Another important note is that I believe this has implications to batching "byDate", as a similar 5000 row limit is reached per day, even though the package states that 25000 rows are being fetched.

MarkEdmondson1234 commented 5 years ago

I can't reproduce this, it gets 25000 rows per batch for me when I use byBatch and 25000 per day when I use byDate

my_example <- "http://www.example.co.uk"
sa2 <- search_analytics(my_example, startDate = Sys.Date() - 10, 
                         dimensions = c("date","device", "country" ,"query","page"), 
                         walk_data = "byBatch", rowLimit = 50000)
# 50000 rows
nrow(sa2)

sa3 <- search_analytics(my_example, startDate = Sys.Date() - 5,  endDate = Sys.Date() - 3
                         dimensions = c("date","device", "country" ,"query","page"), 
                         walk_data = "byDate")

# 75000 rows
nrow(sa3)
jceallonardo commented 5 years ago

I get your outputs when I include all of the dimensions you do, but try running your query again with just the "date" and "query" dimensions.

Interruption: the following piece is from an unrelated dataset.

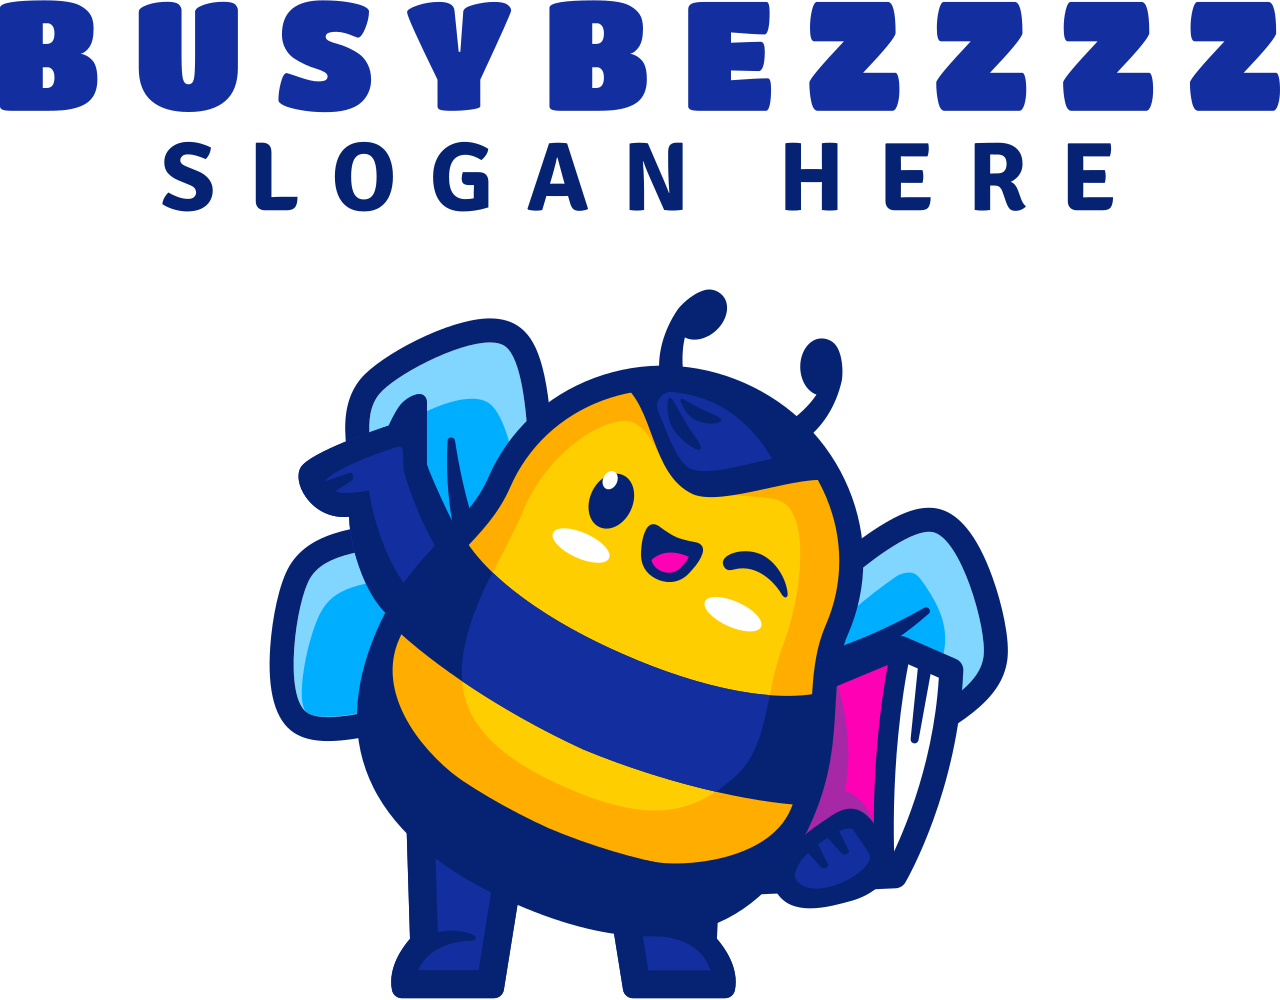 BusyBezzzz's web page

MarkEdmondson1234 commented 5 years ago

Yes I see now:

sa2 <- search_analytics(my_example, startDate = Sys.Date() - 5,dimensions = c("date","query"), walk_data = "byDate")
Fetching search analytics for url: https://www.world-first.co.uk/ dates: 2018-12-14 2018-12-16 dimensions: date query dimensionFilterExp:  searchType: web aggregationType: auto
Batching data via method: byDate
Will fetch up to 25000 rows per day
2018-12-19 15:19:14> Request #: 2018-12-14
2018-12-19 15:19:17> Request #: 2018-12-15
2018-12-19 15:19:19> Request #: 2018-12-16

# 15000 rows
nrow(sa2)

Hmm, well there is nothing in the code that does this so I guess its the API itself limiting the results when you just query those dimensions. If thats true a Python call will return similar, perhaps it should be lodged as a bug with the Search Console API team if its verified.

jceallonardo commented 5 years ago

Yeah. I just ran a test w/ Python and got the same. Weird. I don't recall this being an issue before.